Couple of times today went out into the torrent, the Rashomon rain, to check on things like rain-hammered tulips, narcissi and daffodils, mushroom buds and onion sets; several of the farm ladies out gathering sansai despite the rain, specifically today warabi (bracken fern: Pteridium aquilinum). (They got to all the fukinoto and taranome before me.) I had to pause at length to look at the energetic St. John's Wort, being surprised at how well it and the rain understand each other, clearly for a very long time, the Wort keeping a drop of its old friend close at the tip of each leaf, the silvery beads clearly content to remain there, quite unlike rain's general behavior on, for example, my head.

Saturday, March 01, 2003


THE WILD NEIGHBORHOOD


One of the many fine things about Japan is the way in which sansai (lit: mountain vegetables) are an integral part of just about everyone's diet.
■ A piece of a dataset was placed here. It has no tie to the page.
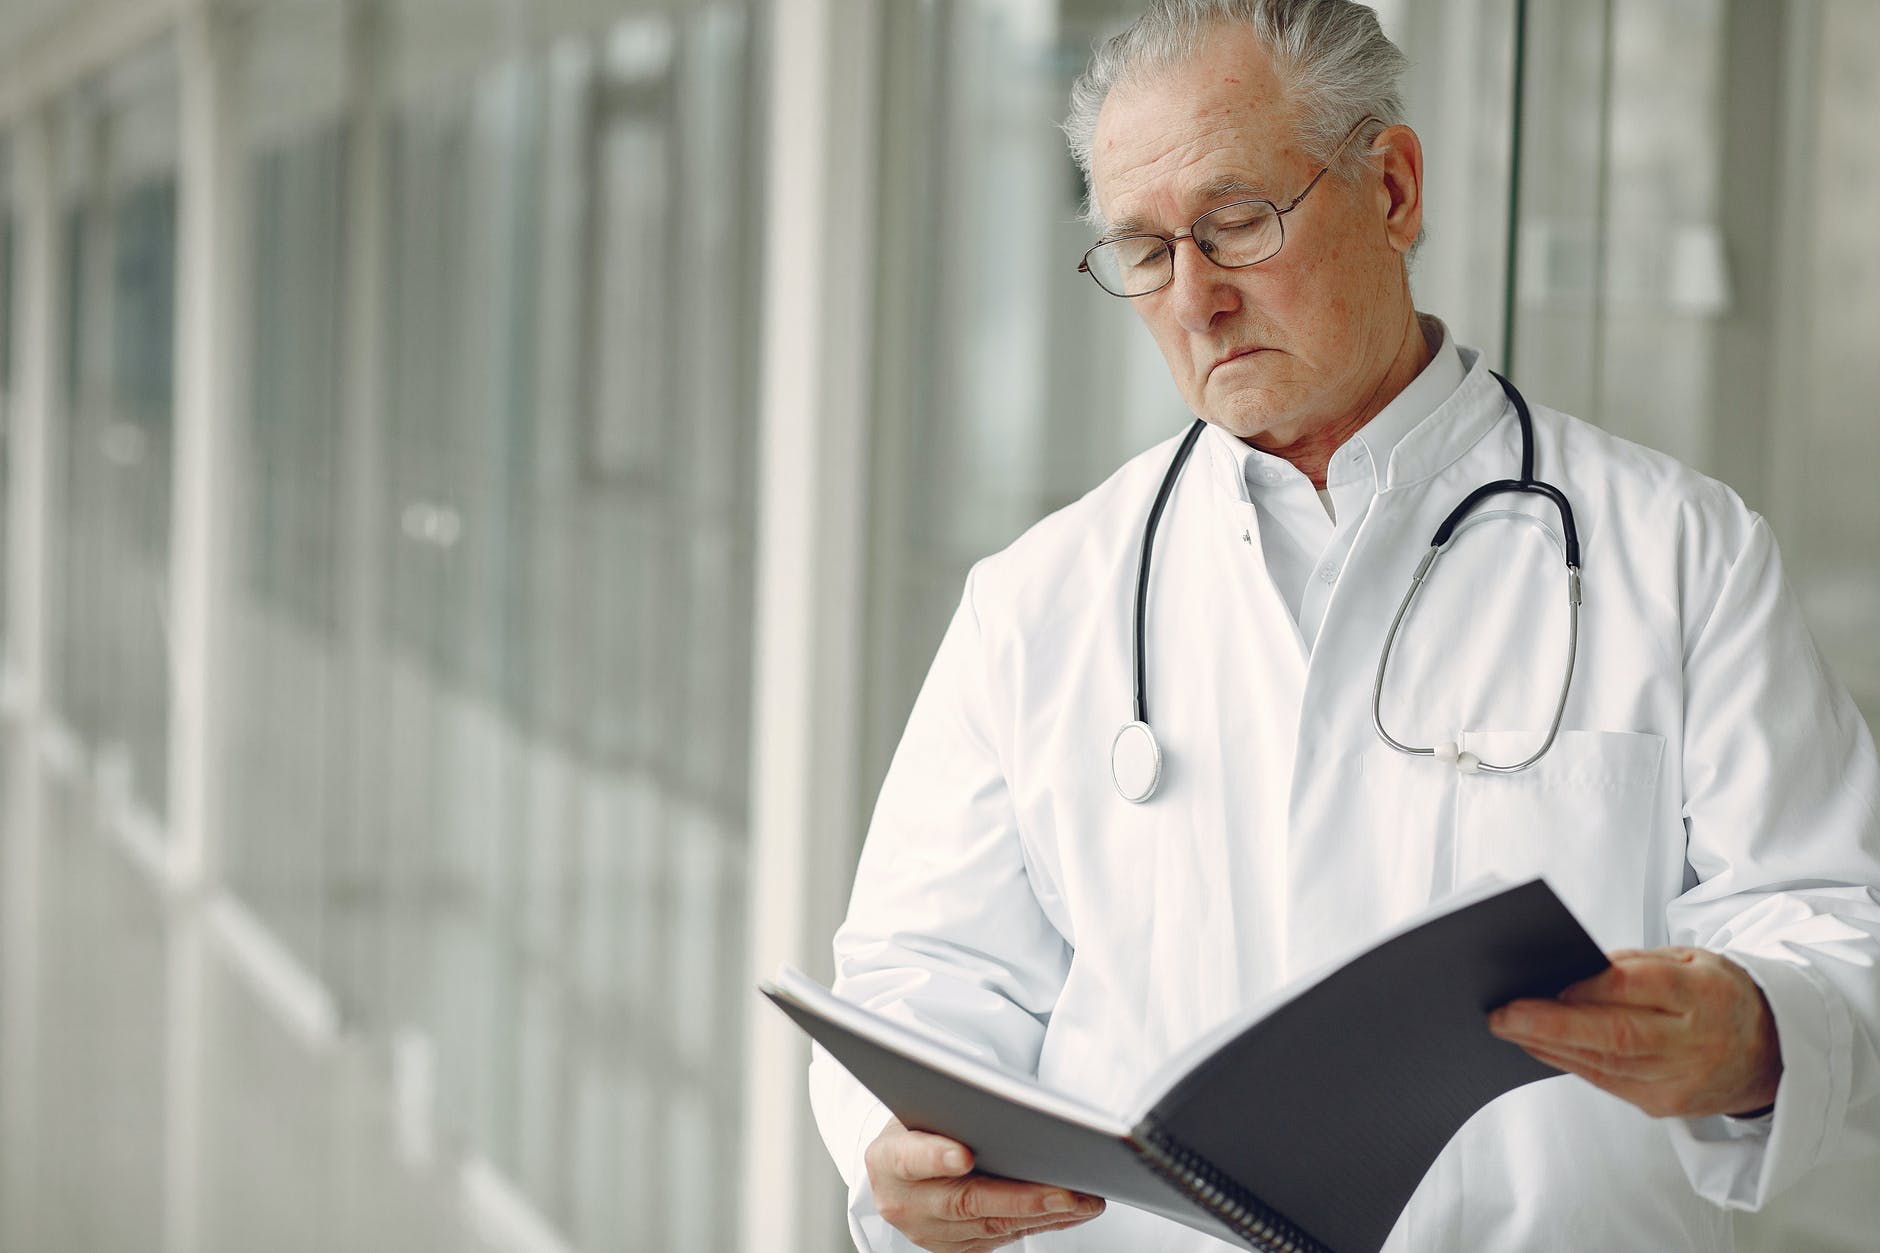 Doctor looking at a folder | Source: Pexels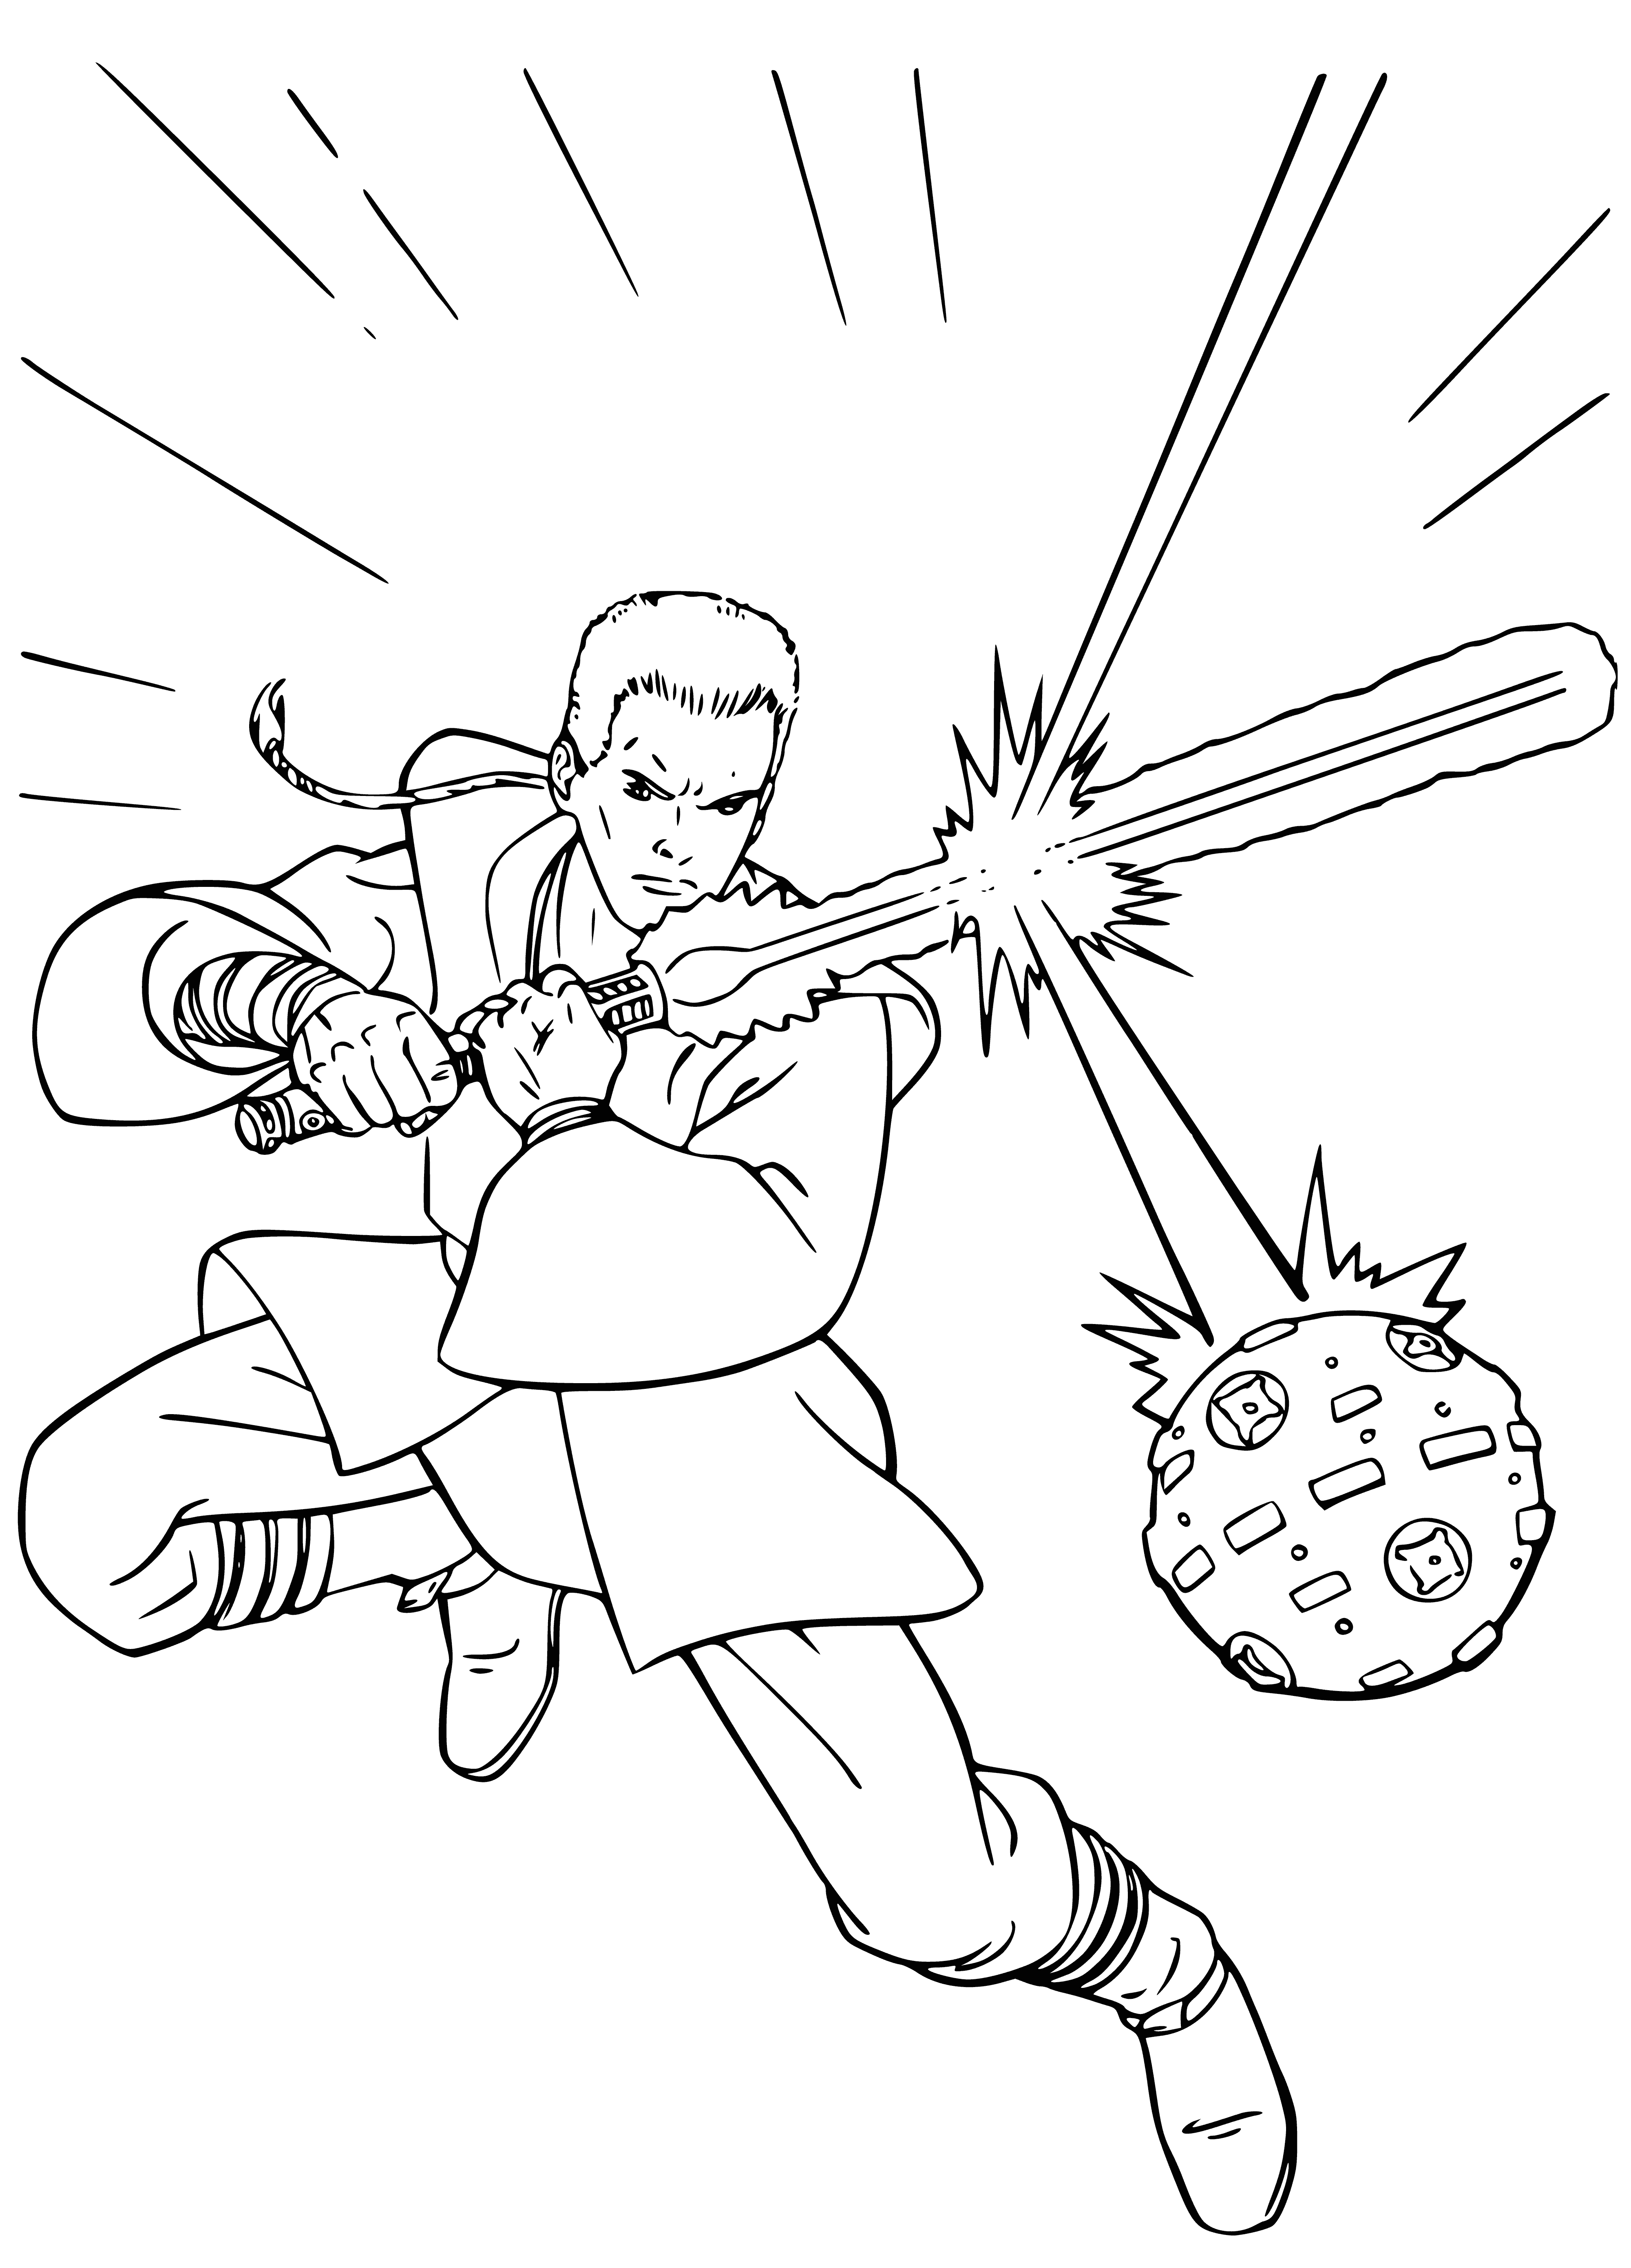 Jedi training coloring page

Even in the cities, where the hunger for the "natural" is growing apace, some sansai are showing up in the supermarkets, though those are usually grown on farms, not wild. Wild is inimical to business. Apart from being free (actually, at the price of nice walks through nice places) and affording good exercise in the harvesting, sansai are organic, low-calorie and seasonal: the ideal food.

This time of year whenever I'm out on one of my meanderambles I find that my eyes are already automatically scanning the damp spring earth for early signs of the first sansai to show its face after winter: the piquant fukinoto (butterbur buds). I tasted a miso-pickled version (fukimiso) this winter that was just dynamite, and want to try to make some from the emergent hordes of fukinoto we find around here every year. (If you want the recipe, email me.)

These wild meadows are the perfect place for gathering fukinoto when it first peeps its pale jade-encased chick-yellow blossoms above the dull brown ground of winter's natural compost, and once you've spotted one fukinoto surprise you right away begin to spot the others emerging beneath the tangled carpet of last year's wildflower stems as your hunter's eye catches on, and soon you're heading home with a bagful of fragrant buds.

Then later comes fuki itself, the fan-like leaves of the same plant, whose stems make a crispy pickle. And not long after, into the new warmth comes taranome, the emperor of sansai, my eyes pick out the tall, thin, brown, viciously thorned stems (having seen what monkeys can do to trees with delicious leaves, I understand thorns much better) poking up here and there; my eyes also note how far along the bud development is. Timing is essential in sansai, and by that I mean getting there first, for soon the twos and threes and larger groups of folks from near and far will be coming here in the spring ritual of wandering around the mountains with baskets, harvesting nature's excellent produce.

We have special places where we pick our fukinoto and taranome and the many other varieties of sansai there are; such 'secret' places become kind of family heirlooms out in the country, like the best places to find matsutake (pine mushrooms). But of course it's best to live right in the wild neighborhood, as we do. I just got back from a fukinoto meanderamble this rainy morning, but it's too early yet. I'll put up some photos when it's time.